I just finished walking all 2,176 miles of the Appalachian Trail from Springer Mountain in Georgia to Mt. Katahdin in Maine. I encountered 3 rattlesnakes and 38 bears and even in those encounters the need for a weapon never popped into my head, I just didn’t need one and chances are if I had one an animal or fellow hiker may have been injured or killed for no good reason.

I’m certain that a few of the thousands of hikers I encountered on the hike carried illegal weapons. I would venture that not many did, the weapons and ammunition are heavy and useless on a hike but there are those that just can’t leave home without them. The proof is in the numbers: nearly five million people hike some portion of the trail every year, not to mention all of the other trails in the nations parks.

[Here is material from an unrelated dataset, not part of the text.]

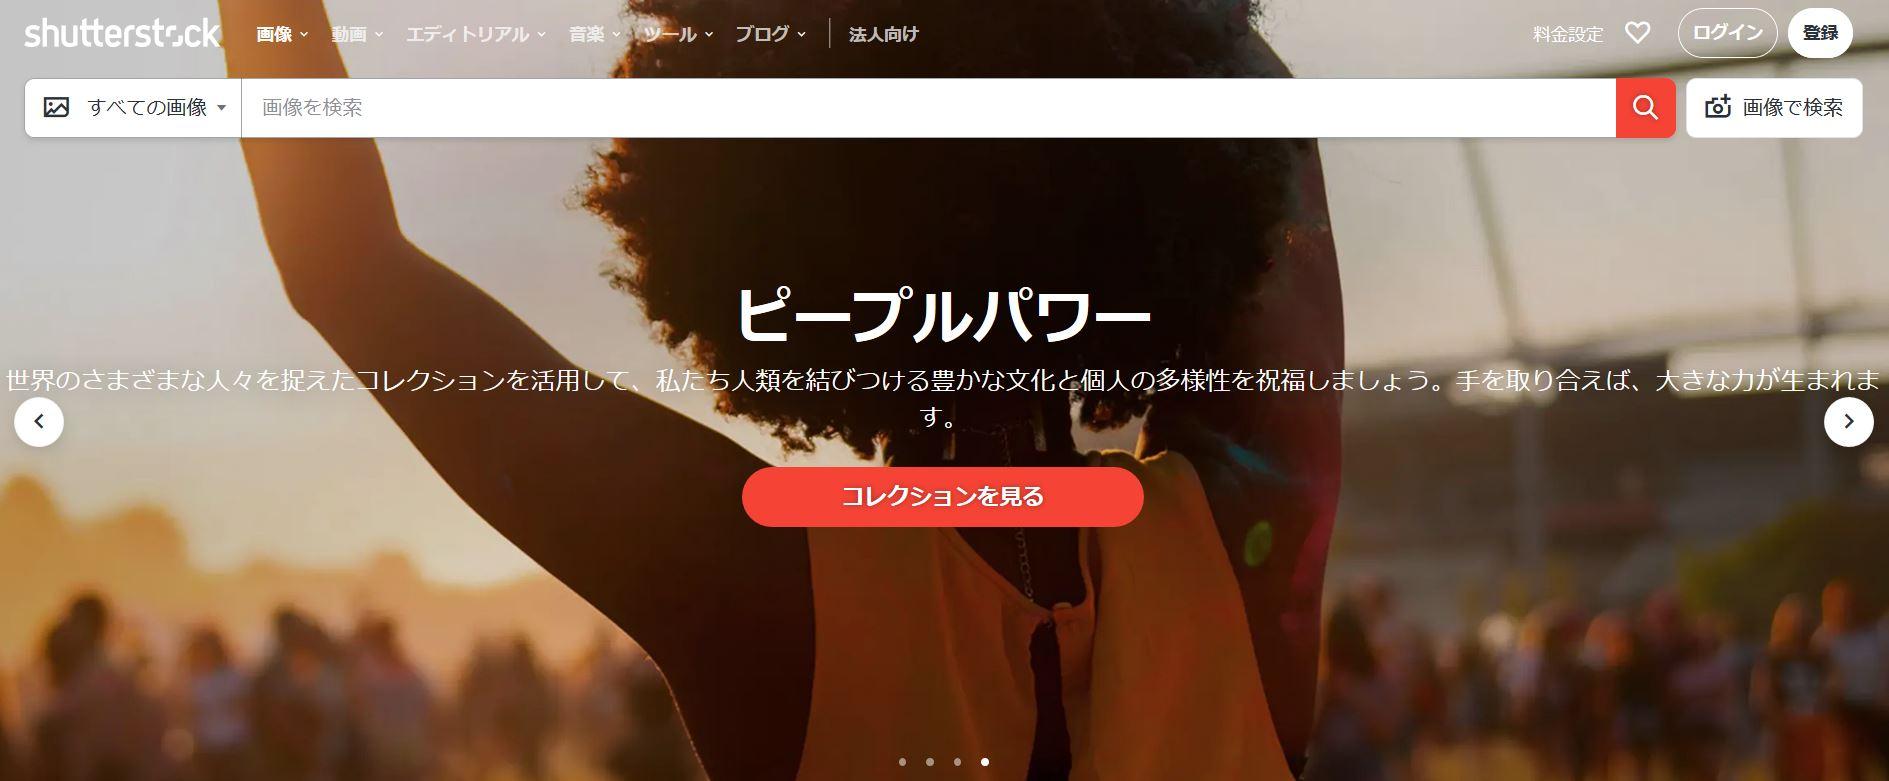 Shutterstockの画像

Violent attacks on hikers are practically non-existent; they don’t have guns to shoot each other. Will that change with the change in the law, probably not dramatically, but I can safely predict there will be more dead animals and more killings and murders than there were before. Time will tell.

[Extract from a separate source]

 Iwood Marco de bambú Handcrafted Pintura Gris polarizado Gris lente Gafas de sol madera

In the military we would get chewed up and down if we called our M16 a “gun.” The drill instructor would jump all over us; ranting that it is not a “gun,” it is a “weapon.” It is a weapon; it ultimately serves one purpose, to kill. That is why these things came into existence and until the general public realizes that is why these weapons exist they will continue to be viewed as toys.

May. 22nd, 2009

Dennis, K1YPP

Memorial Day, 2009

I take Memorial Day very seriously. I find it disgusting that it is for most a day to go shopping. My own brother was killed in action as a Marine in Vietnam; somehow I just don't make the connection between shopping and dying for ones country.

Lately there have been tributes to America’s fallen circulating on the Internet. At first blush it seems a tribute to those unfortunate troops that never came home. There are spectacular photos of the gravesites all over Europe; they’re very impressive. However, what troubles me is the text accompanying the photos, and the underlying message; that somehow, those countries, home to those grave sites, are somehow disrespectful of the USA. There is an inference that they have forgotten our sacrifice and that they “owe” us something. I would argue that they have not forgotten at all.

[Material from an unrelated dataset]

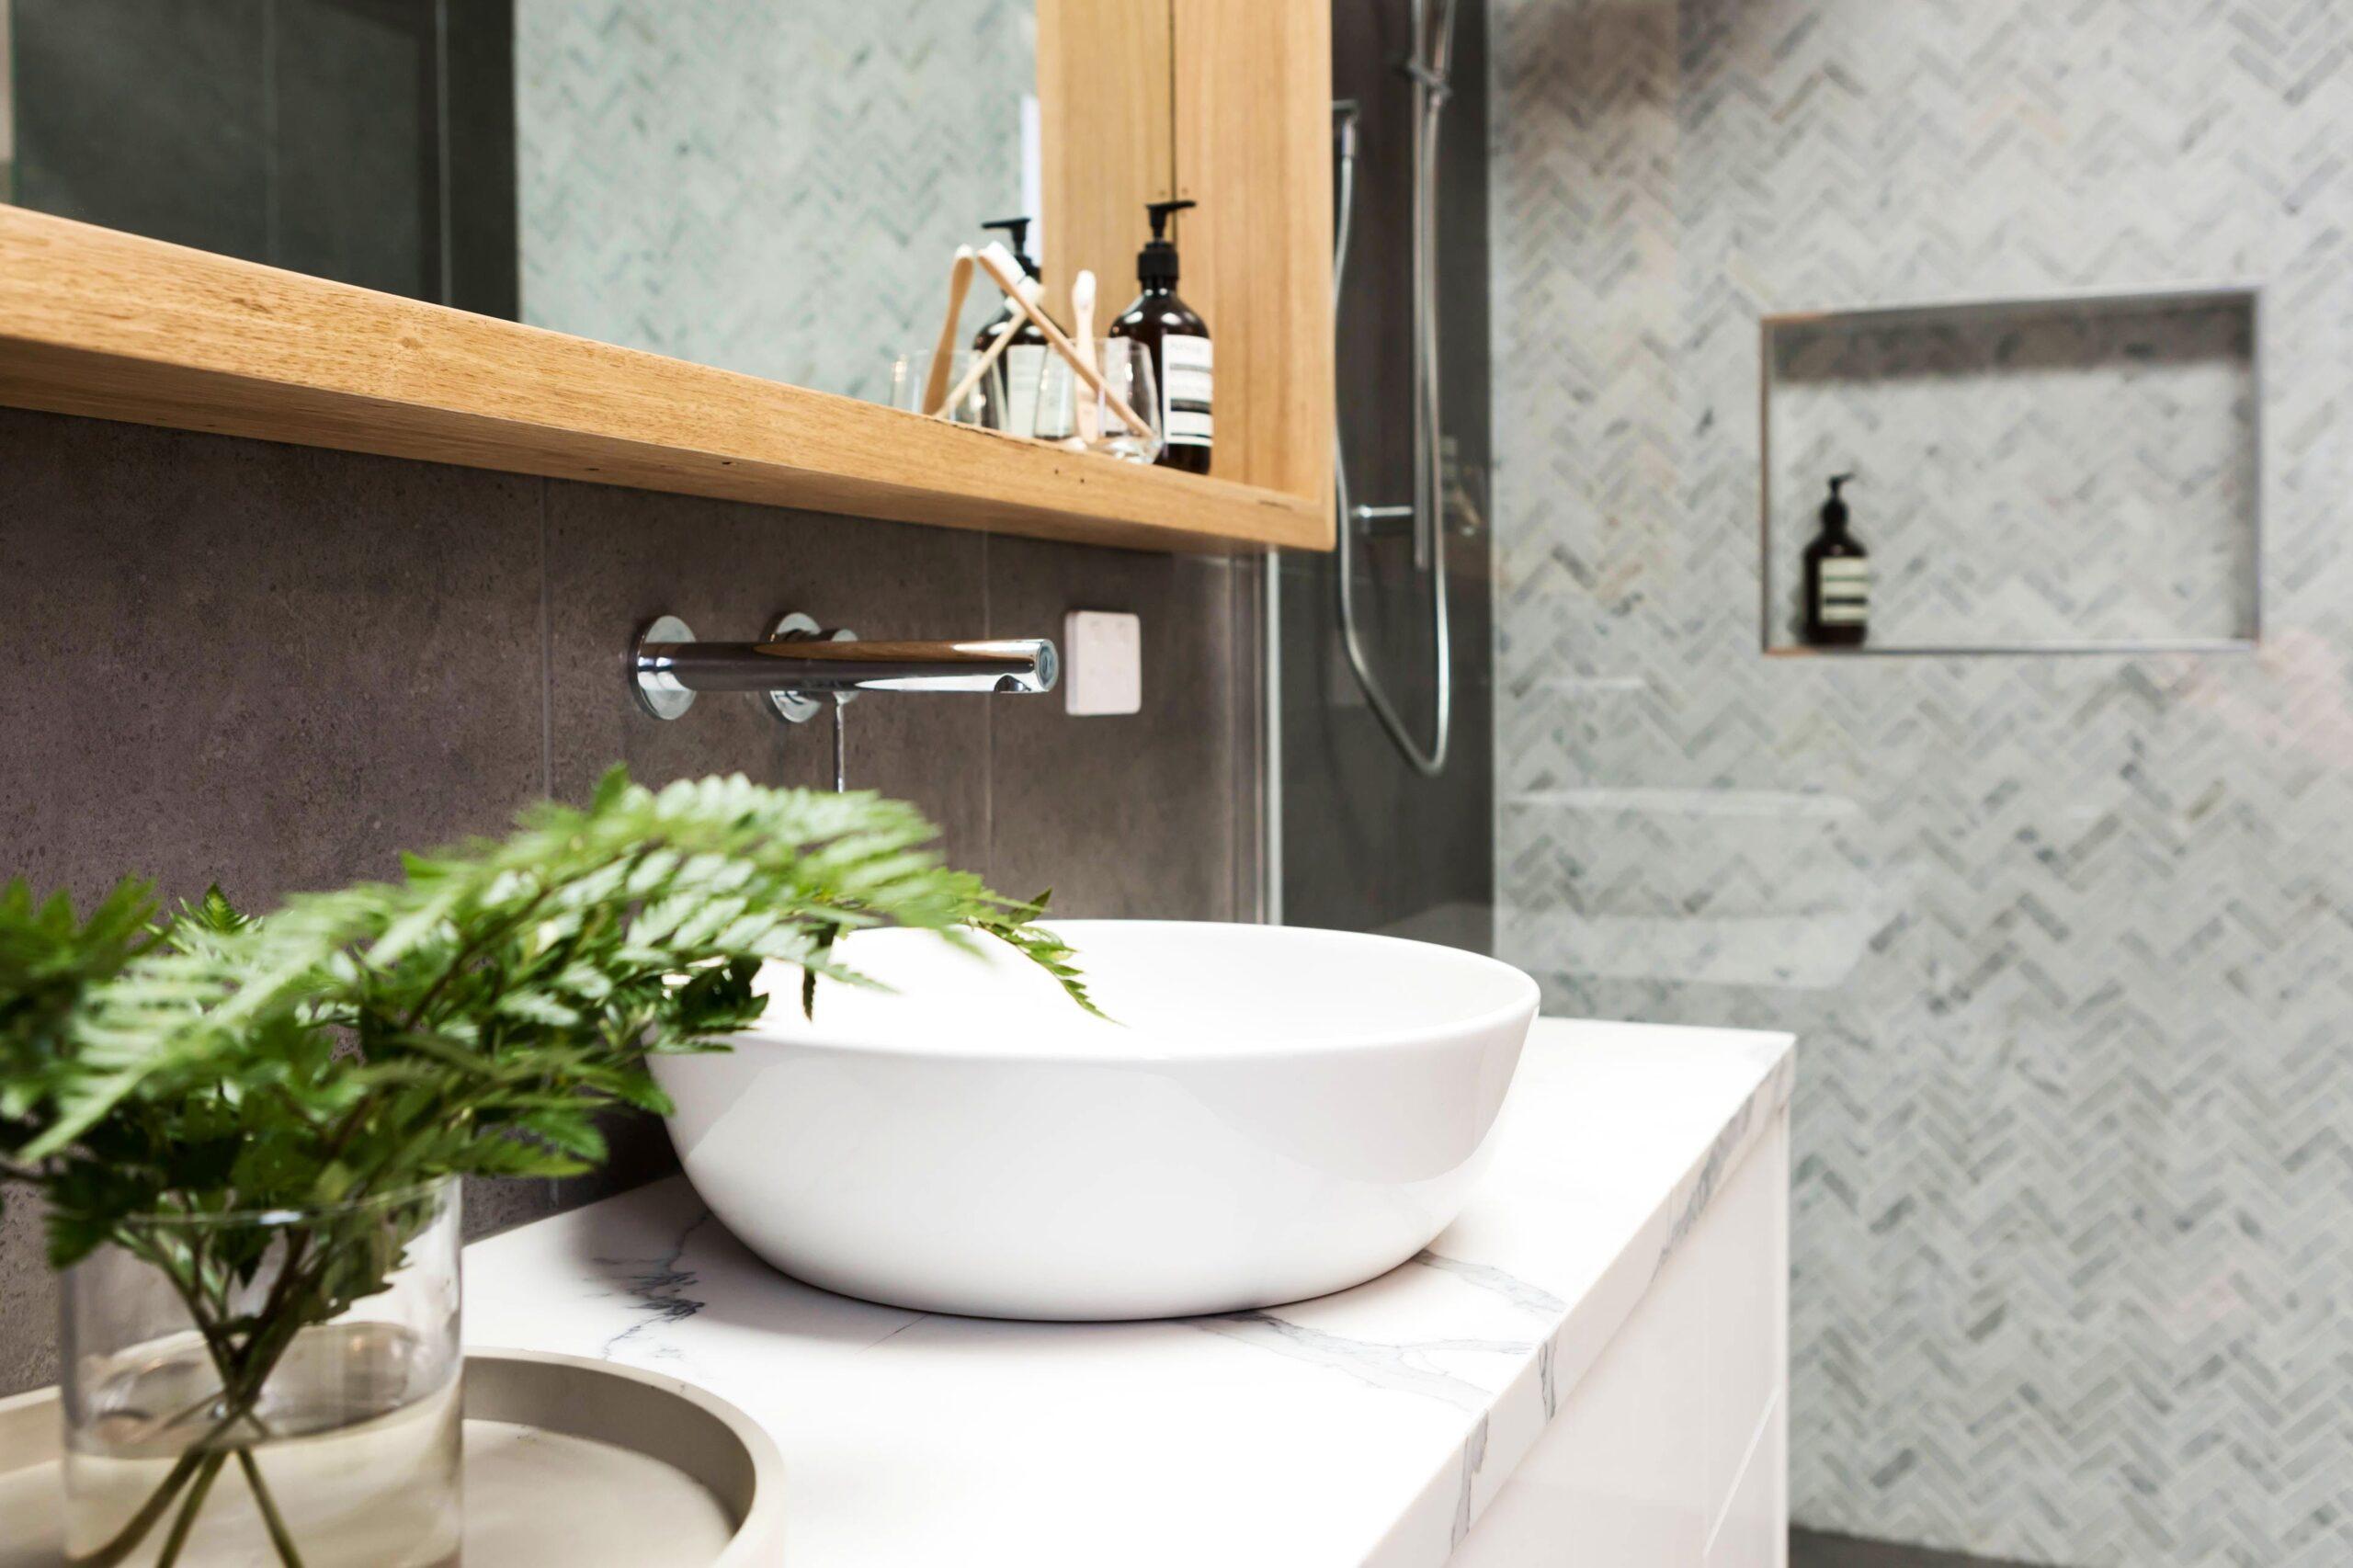 Image of rsz istock 675494586 2 scaled in Quartz Vs. Marble vanity countertops - Cosentino

One of the things that always angered me about the previous (Bush) administration was the "Freedom Fries" nonsense and the disrespect for the countries that have these grave sites for our hero's. I have been to some of those sites and they honor our dead as they would their own. They showed me nothing but respect when I visited there. True, the cemeteries in these countries are managed by the US based American Battle Monument Commission, but residents of those countries handle most of the local maintenance and care.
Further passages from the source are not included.